Tuesday, July 06, 2010

Eyesight and Vision

I leaned into the last loop of the S-curve on the road that leads me home. On the edge of the road about 25 yards ahead I saw a black squirrel, sitting on his haunches, tiny little rodent hands up to his mouth.

Except that it wasn’t a squirrel.

The eyes and the brain, co-perpetrators of fraud, tend to create objects that aren’t really there. The rods and cones and that magical lens that turns images upside down toss neurological impulses onto the brain which chooses to interpret the impulses as something familiar, something it knows. So a dark object on the side of a dirt road, about 10 inches high and 4 inches wide, exhibiting just the slightest amount of movement would be, in the less-than-a-second processing time of the brain, a squirrel.
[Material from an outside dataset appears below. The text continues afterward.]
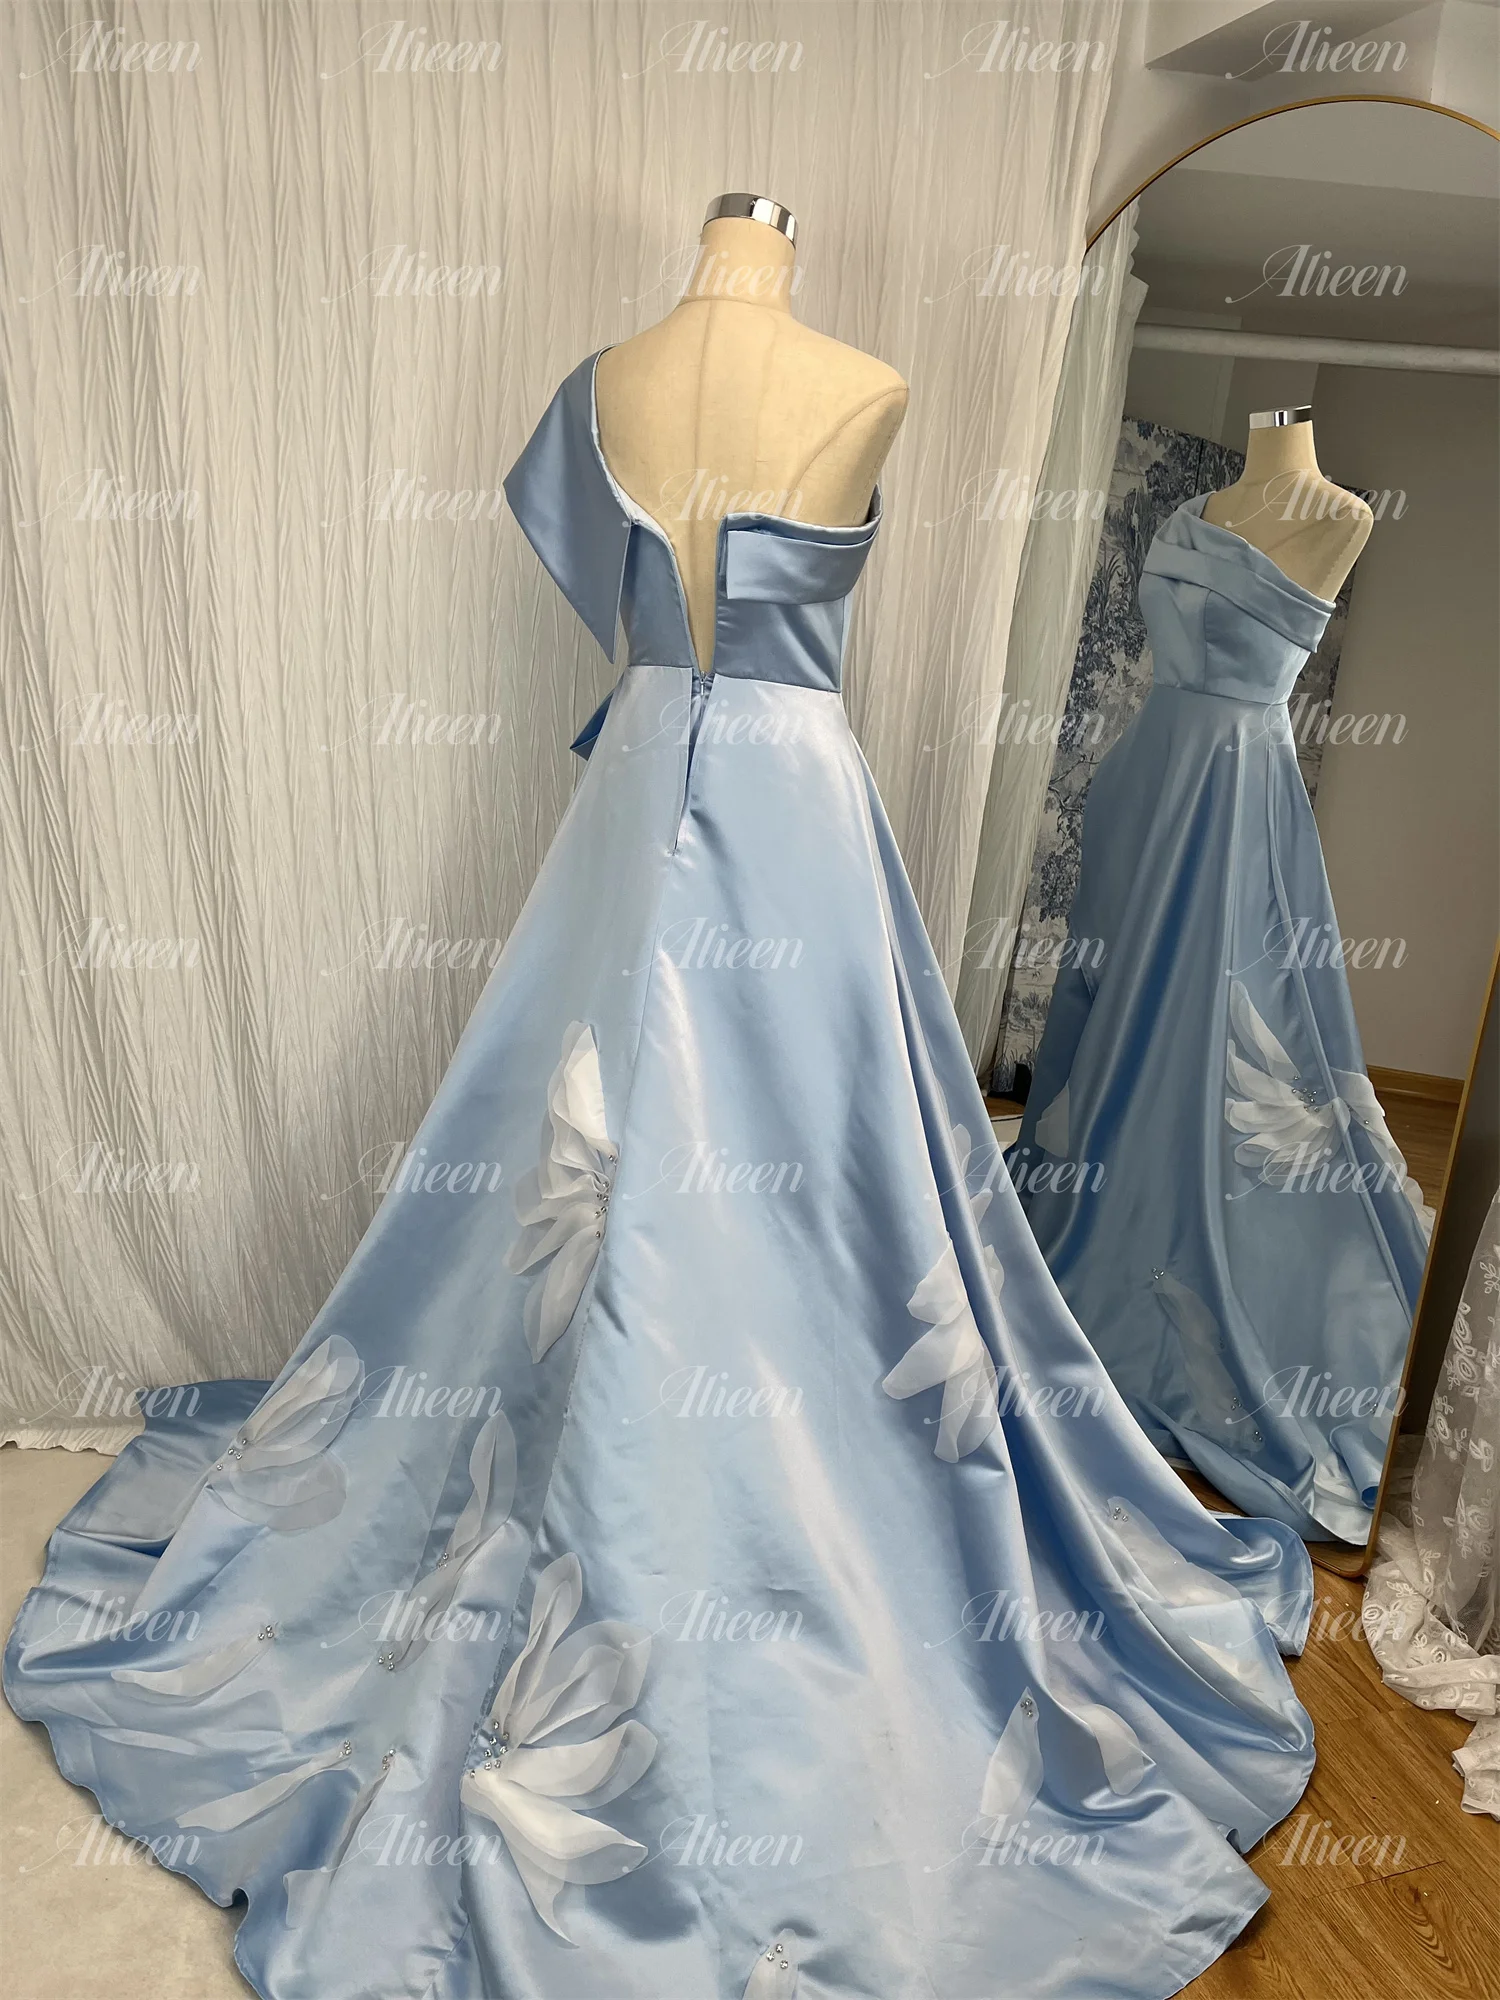 Aileen modrá satén elegantní lotos aršík kvést lodni linky dámská večírek šaty ženský maturitní šaty pro ples nevěsta formální svatební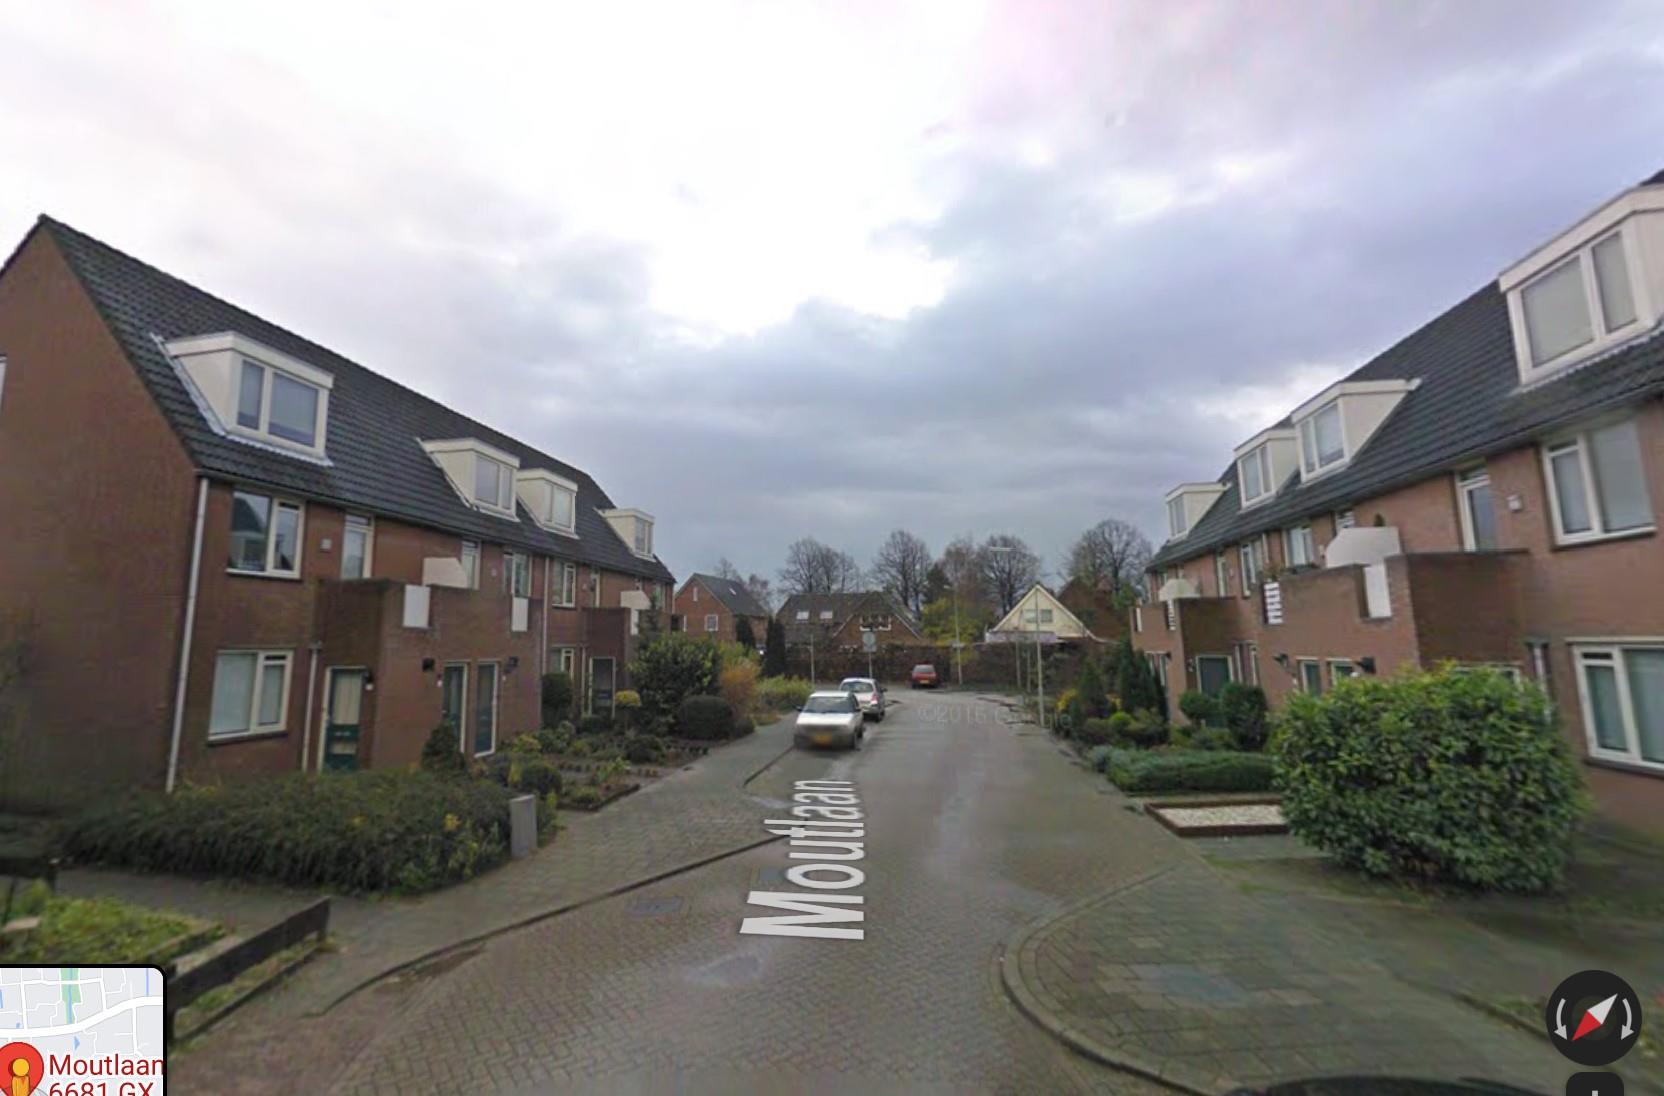 Moutlaan 17, 6681 GX Bemmel, Nederland

Except that, as previously pointed out, it wasn’t.It was a corner of a dark plastic trash bag, one thrown or having flown out of the bed of a pick-up truck and having been buried under the dirt by the tires of a couple of weeks’ worth of cars and trucks and tractors. And since the throwing/flying of such bags has become, unfortunately, an increasingly more frequent event on my road, it took only another half-second for my brain to adjust and send the slightly less familiar, but more accurate message.

It is amazing to me the speed with which we see, interpret and react. In the unmeasurable length of time between seeing the squirrel and seeing the trash bag, I thought, "Gee, a squirrel. He’s black. I haven’t seen a black squirrel in a long time. Aren’t they usually around in winter? How cool is that, a black squirrel in summer! I hope he doesn’t run out in front of me. But it’s really not a squirrel. No, it’s a trash bag. That makes me so mad. Why do people throw trash on the road?" All within the time it took me to blink my eyes once.

One of our Juvenile Court judges is fond of explaining to young speeders that it takes an average of 1.5 seconds for a driver to respond to a visual stimulus by braking. "If you’re driving 70 miles an hour," he tells them, "you will have already traveled 160 feet before you can get your foot on the brake."

I was driving considerably less than 70 miles an hour that afternoon, so I’d probably gone only 50 feet or so when I lifted my foot toward the brake, another 25 when I realized the squirrel was not a squirrel.And – This is where I got really confused. – another 25 when my brain recalibrated again to determine that the squirrel that was a trash bag was, in fact, a squirrel.

A black squirrel sitting on his haunches, tiny little rodent hands up to his mouth.

Expectancy trumped by cynicism surprised by reality.

A few months ago I cut a cartoon out of the Sunday paper. A brother is looking for his little sister and finally finds her sitting at the base of a tree in which there is a tiny red door. "What are you doing?" he asks.

"Waiting to see the elf."

"There’s no elf," the exasperated brother explains. "The crazy old cartoonist who used to live here put that fake door on the tree to fool his kids."

Totally nonplused, the little sister insists that she has seen the elf herself. Big brother, obviously worldly wise and impatient, says, "I’ll believe it when I see it," and walks away.

Little sister retakes her seat at the base of the tree, props her elbows on her knees and says, "Sometimes things have to be believed to be seen."

I drove slowly past the black squirrel who, at the last moment, darted into the ditch. It bothered me that my brain had been so quick to adjust its perception, so eager to change delight to disgust, so ready to see what wasn’t really there. When did I start seeing a trash bag in every squirrel? When did it become not just easy, but automatic to choose the ordinary over the magical? When, I want to know, did I become the big brother instead of the little sister?